# routing sound to external speakers - not monitor speakers



## fructose (Jan 13, 2005)

Hi all,

I just installed TuneBite, and then uninstalled it (long story!), and now suddenly, all sound from my computer is coming out of the inbuilt monitors on the screen rather than through my soundcard to my hi-fi as it had been before.

I've been fiddling with every (I think) possible setting in the soundcard (M-Audio Delta), as well as looking at all the sound options under System, but can't figure out how to get the sound back as it was: through the hi-fi.

Is this a setting in my soundcard that I'm looking for, or am I on the wrong track? 

Any help most appreciated.


----------



## smz (Mar 12, 2007)

Do you only have one sound card total?

One thing software apps can do is definite what jack does what on onboard sound card solutions especially.

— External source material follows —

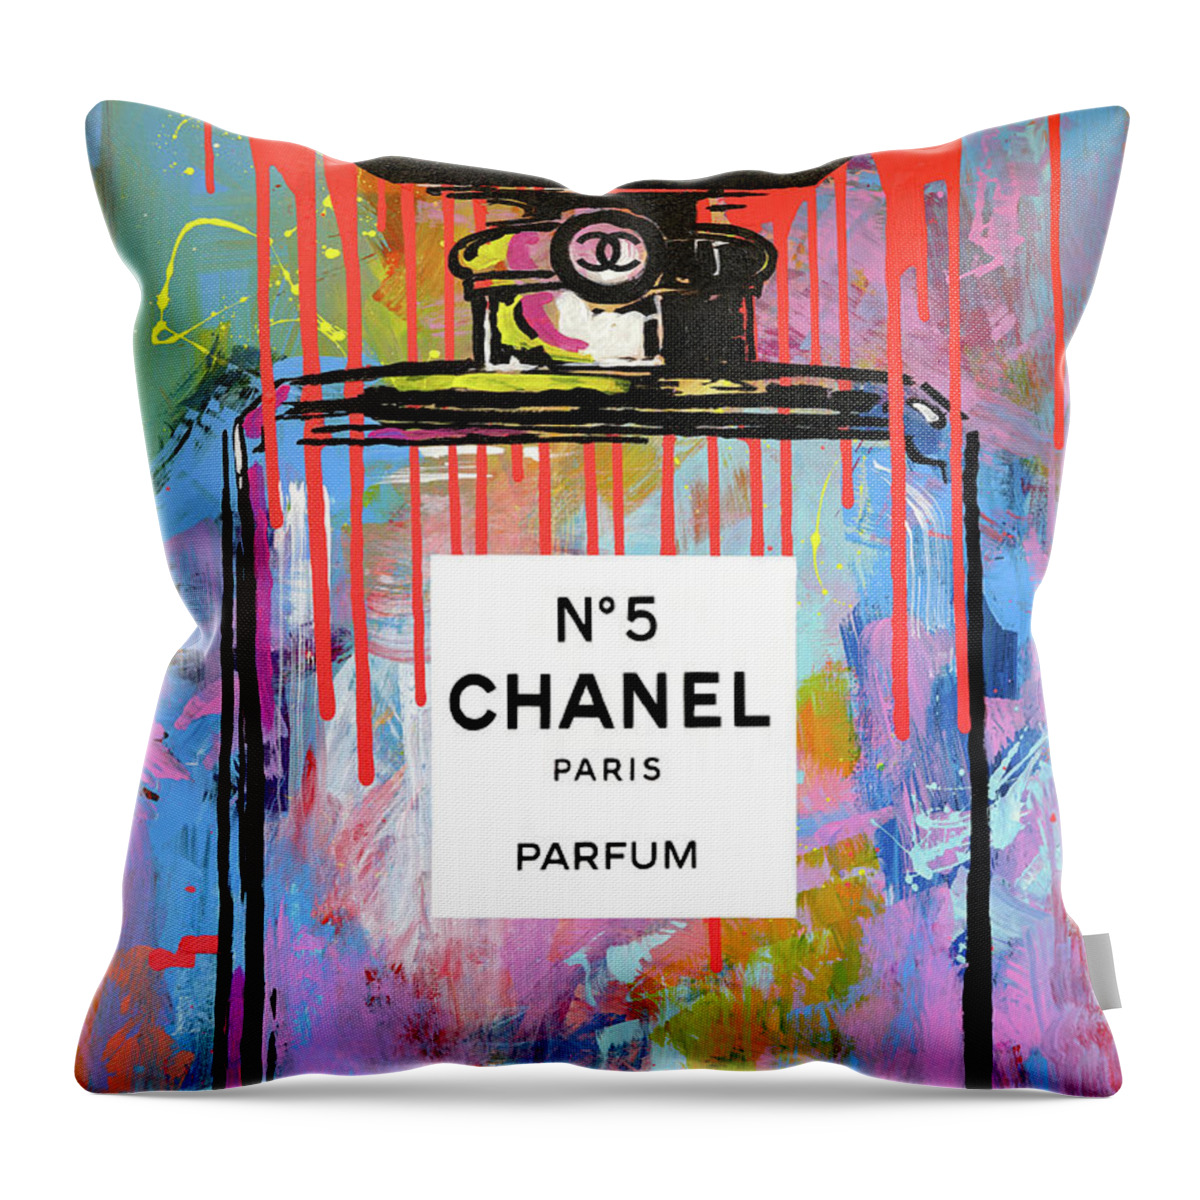 Chanel Urban Pop Art Throw Pillow by James Hudek - Pixels

Like my realtek onboard can map different outputs to different jacks. So a line in jack may transmit to a surround sound enabled configuration instead of accepting an input. Same goes for the center speaker. Heck, if 5.1 was enabled. Good chance only that center speaker is going to get any juice. Check to see if a 3rd party app and not the windows mixer was installed for your delta card and look for a diagram of you configuration or better yet look for a sound demo or tester. Creative makes one that identifies each speaker such as "left front, center, right front, etc)

without knowing anything about your exact sound card, I am giving you basic things to look out for. in rare circumstances, soundcards may have an output for internal line out and internet speaker amp out. meaning, the output may have an internal amp driving a little power for those really old speakers that used to run on batteries or nothing at all. This is generally only the case on a very old system.


----------



## fructose (Jan 13, 2005)

Thanks for your help

I've only got one soundcard installed, yes. (Unless the default little thing that came with the computer counts)

I'm afraid I'm too ignorant to make much of your advice, however...

How do I go about checking if there's some 3rd party app...?

As for a configuration diagrams, as I haven't changed any cables around, is it necessary?
Wouldn't it simply be some setting somewhere?

Thanks.


----------



## smz (Mar 12, 2007)

thing is, like with the realtek app, you can assign what mode you want your speaker config in. if it's just two channel stereo it's alot different then a 5.1 setup. It's not a matter of changing jacks, it's a matter of what the sound card driver/app is mapping the output to. Generally the third party apps will reside in the tray and emulate the look of a speaker. sometimes they will also turn off the integrated windows speaker that links to the mixer. I know in task manager you can see if you have such an app running the backround as it most likely will read something with RTL in it. My app used more than 20mb of ram if that's any help. Though it did reside in the system tray. Sorry if I'm not too good at explaining things in laymans terms.


----------